In the final moments of every mother’s life, her son must waltz into the kitchen before curfew to make a sandwich. But for Vivian Hardman, the sandwiches were not an option.
Four decades before her death, her son Lou emerged from the family basement in Detroit, bought a couple of train tickets, and headed to the west coast with the intent of becoming famous — “an American Elvis,” as he put it. When he arrived at San Francisco’s Chinatown, he was carrying nothing but a guitar. The first American mother to grant an interview after her son’s death, Mrs. Hardman told an Oakland paper years later that she knew that her son was likely to die in police custody. She was not wrong.
Once he arrived in San Francisco, Mr. Hardman started playing music, bringing into the public domain material he’d written in Japanese while serving with the U.S. Army in Tokyo during World War II. He played on nightclub stages and in clubs and sold thousands of records. In 1972, Mr. Hardman left for Hollywood. He made appearances on “The Tonight Show,” but was known more for a 1973 performance with The Beach Boys.

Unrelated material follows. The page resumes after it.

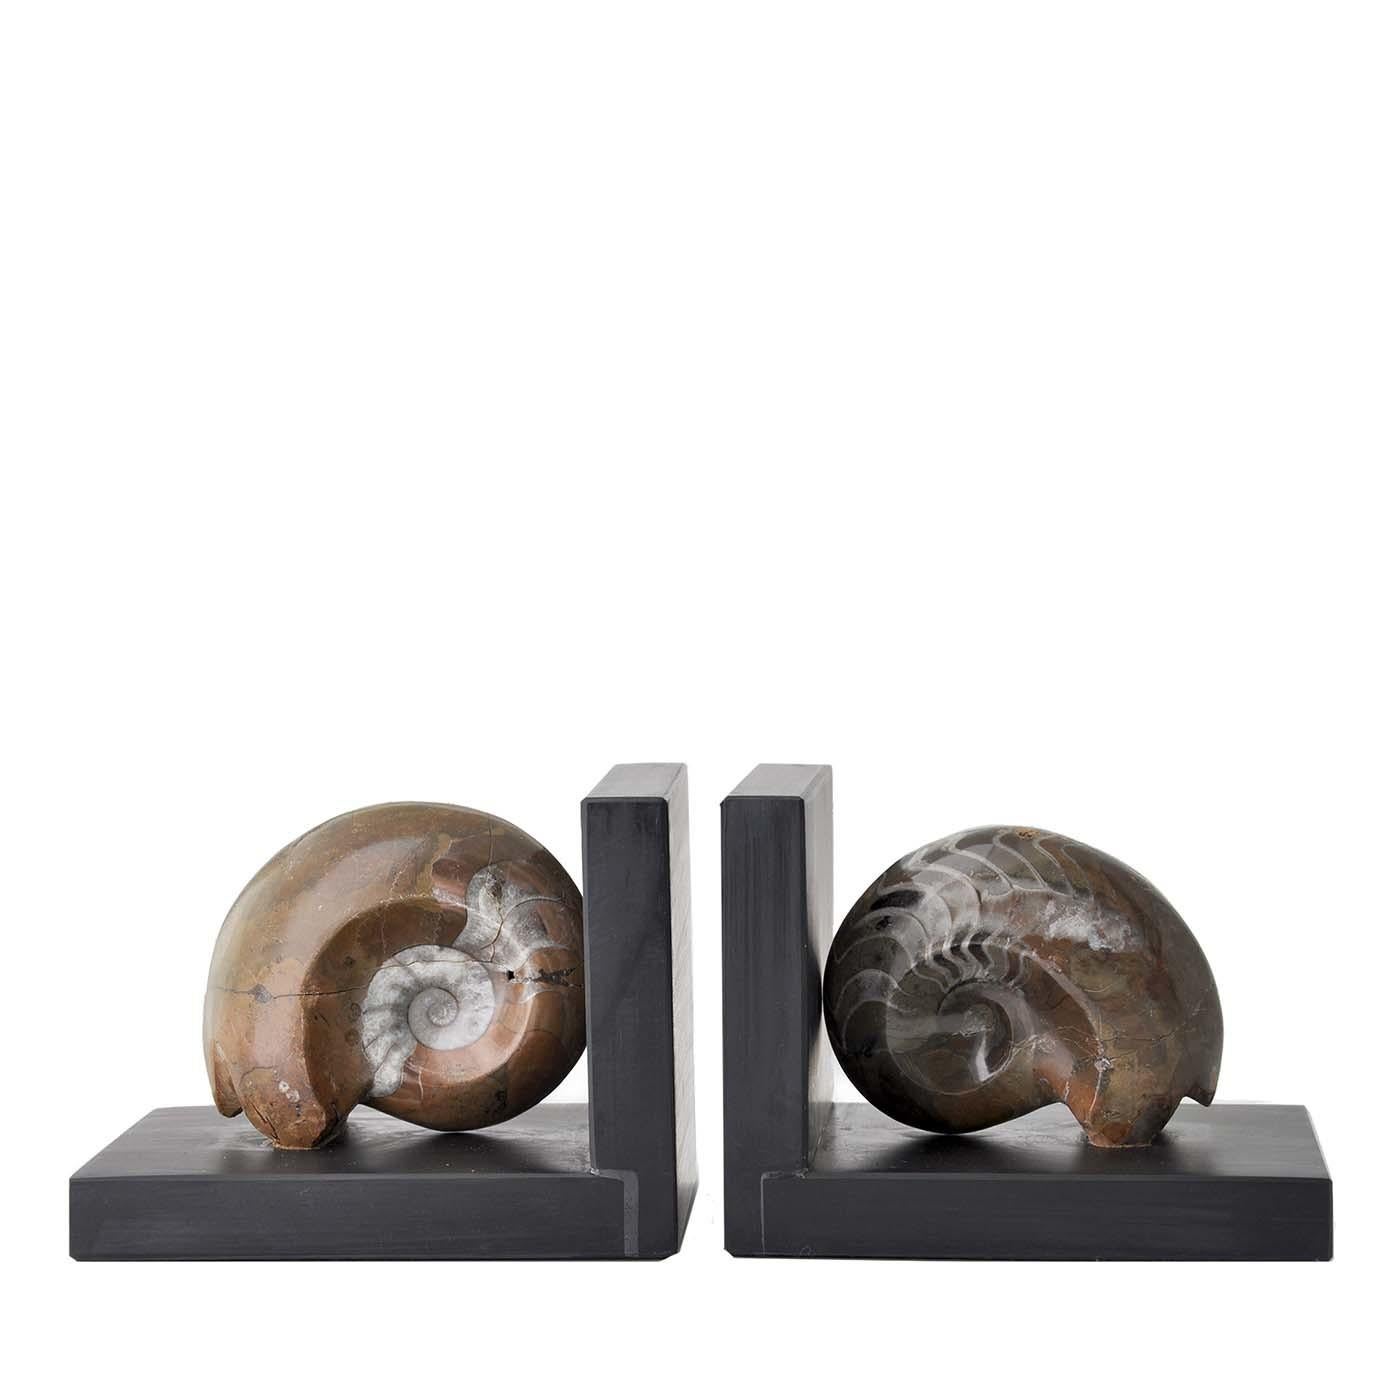 Die exklusive Skulptur Ammonite Booksends kombiniert zeitgenössisches Design mit authentischen fossilen Muscheln, die vor Millionen von Jahren entstanden sind. Sie ist wirklich einzigartig, denn die natürliche Form und die dekorativen Farben jeder

Like so many with their own particular way of doing things, Mr. Hardman was not very well-liked by his acquaintances, particularly a fellow violinist named Johnny Mark, whom he worked with for some time.
In the summer of 1974, Mr. Hardman told his mother that he planned to move to Los Angeles, but had not yet secured a visa. “To be honest, I don’t even know if they approved his visa,” she said later. Two days later, Mr. Hardman was dead. He was 33.
It is not clear what happened that night, though he was found by the police to be unresponsive in his apartment.
On Thursday, a Los Angeles grand jury declined to indict the five police officers, leaving them not culpable for his death. In the wake of the verdict, Mrs. Hardman spoke in private, telling her daughter and grandchildren that “Y’all going to kill me?”
“She was really disappointed and devastated,” said Beth Graham, who represents Ms. Hardman.
The Hardman family has filed an appeal.